Request for information on administrative action still outstanding. An on-wiki reply is fine if you feel appropriate. My concern is that the account I referenced is yet another alternate based on editing history. Thank you for your attention to this matter. Jbh (talk) 17:17, 13 March 2015 (UTC)
Thanks. I am not ignoring you, I'm just busy and haven't had a chance to respond. I have read your email and will respond today if possible. MastCell Talk 17:18, 13 March 2015 (UTC)
Thank you, no worries. Jbh (talk) 17:39, 13 March 2015 (UTC)

Homeopathy

I should admit, I was actually enjoying your end of the discussion. I never had a chance to study Bayesian probability back in college, so it always fascinated me. Unfortunately, we have a trend with another editor which is leading him towards sanctions, and I'd like to avoid that if we can. I'm not sure whether that's even possible, but I've been trying! Anyway, I agree, problems with clinical trials are worlds more interesting to me than the practice of homeopathy... which reminds me, I have some books by Ben Goldacre lying around to read. Oh well! Thanks! :)   — Jess· Δ 18:14, 17 March 2015 (UTC)

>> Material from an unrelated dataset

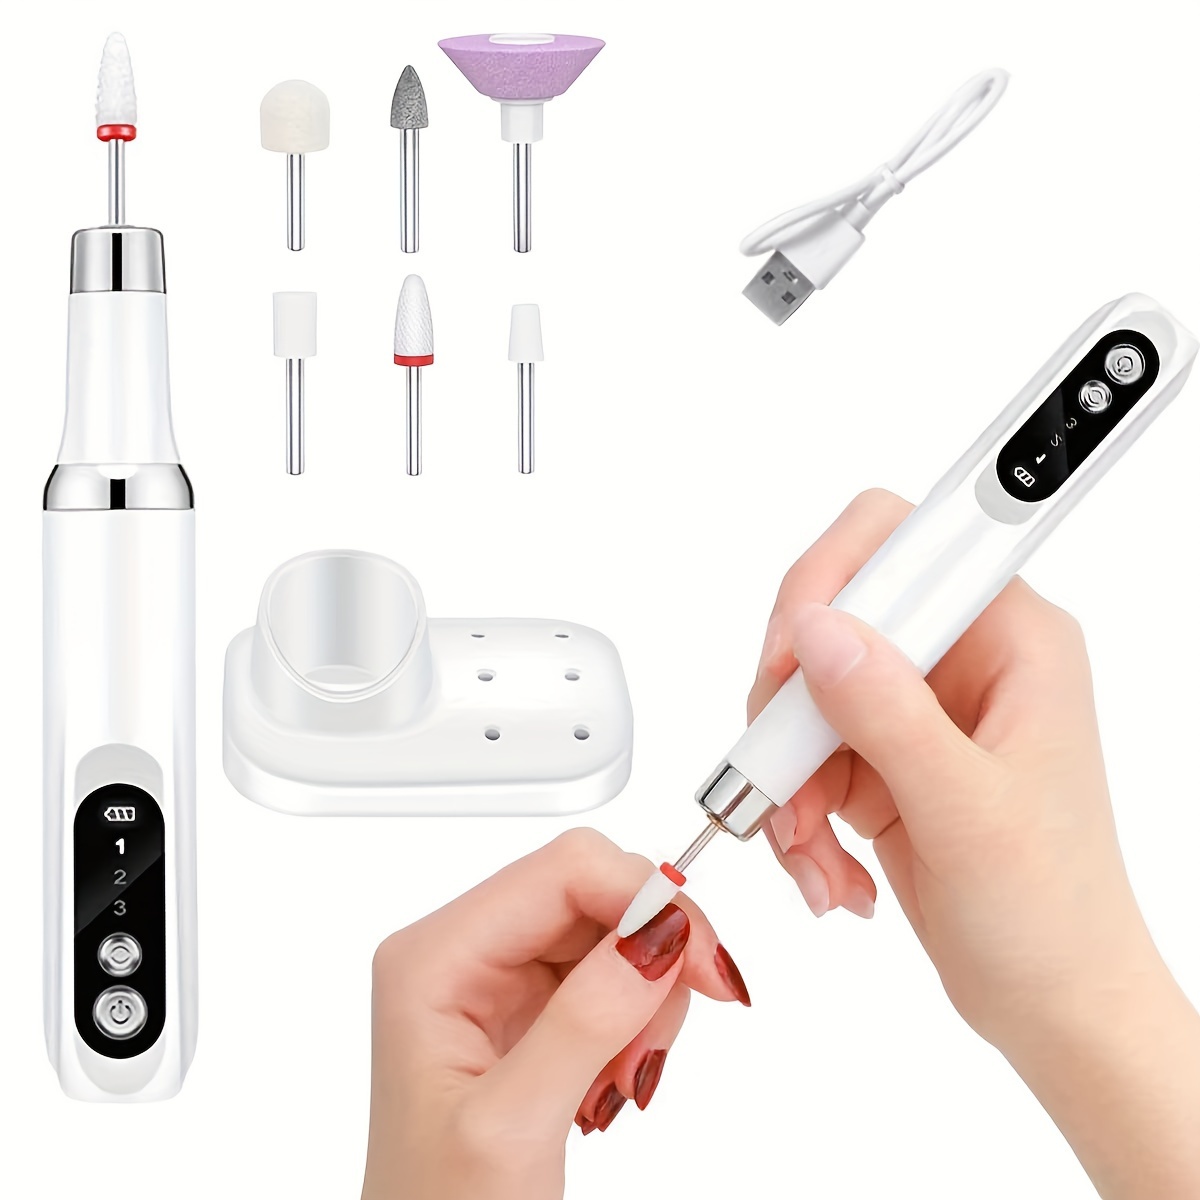 

Electric Nail Drill Set, Hy60 Manicure Machine With 6 Grinding Heads, Portable Rechargeable Nail File Kit With Led Display For Exfoliation, Polishing, Nail Care
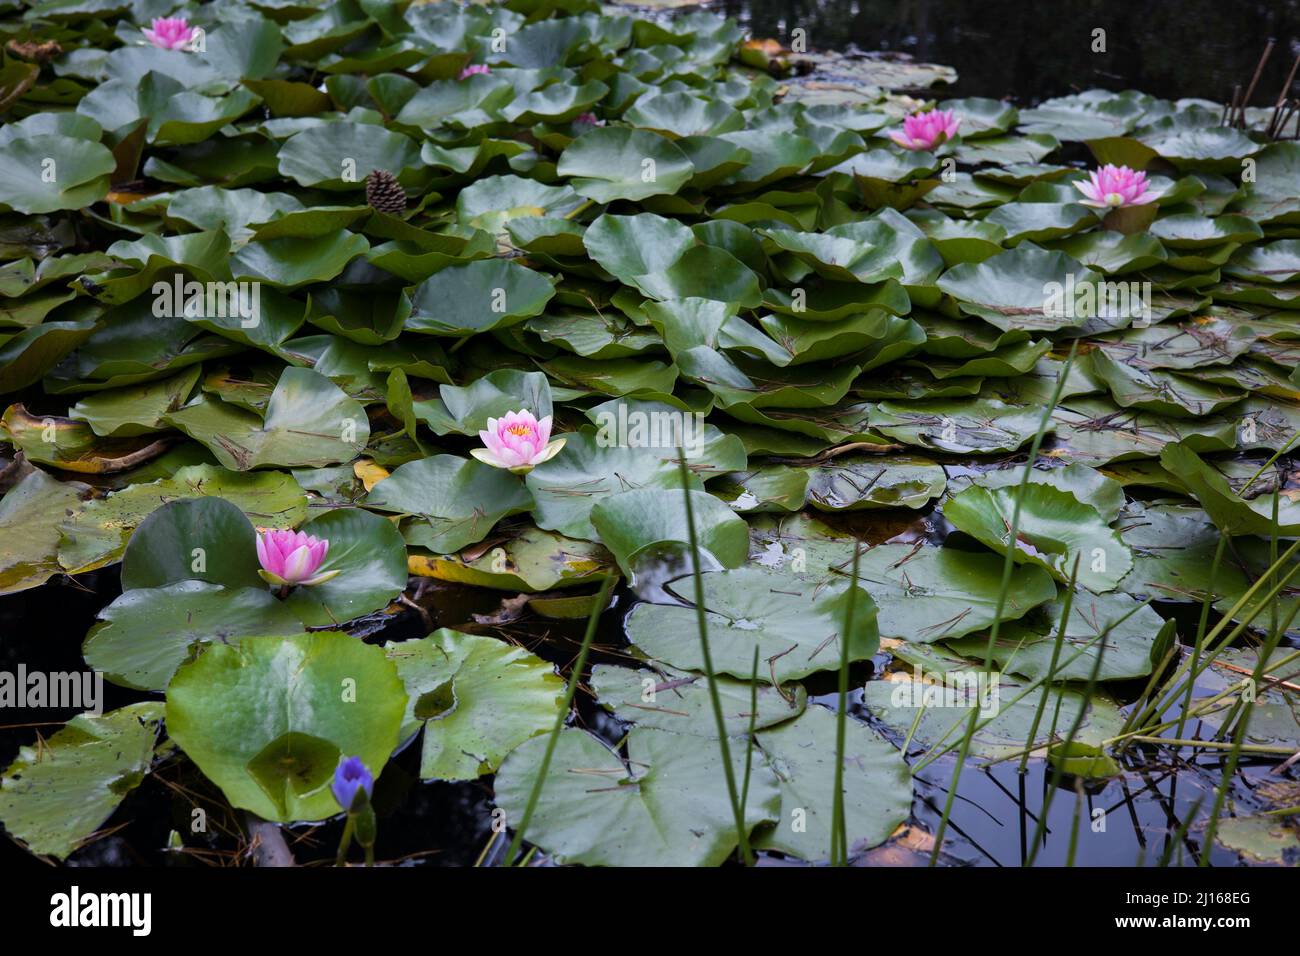 A pond filled with pink water lilies and their large green leaves Stock Photo

Heh... I do get the sense that you all are violating the Fourth Law of Stupidity in continuing that conversation, but then I fell into the same trap. With regard to Bayesian statistics, there was a pretty decent treatment in Nature recently ([8]), complete with a useful visual demonstrating the effect of prior probability on the interpretation of p values. I like Ben Goldacre's writing a lot. I've found Andrew Gelman's blog pretty interesting on the topic of Bayesian vs. frequentist statistics (http://andrewgelman.com), although he tends to get pretty technical. Anyhow, thanks for the kind note, and take care. MastCell Talk 18:23, 17 March 2015 (UTC)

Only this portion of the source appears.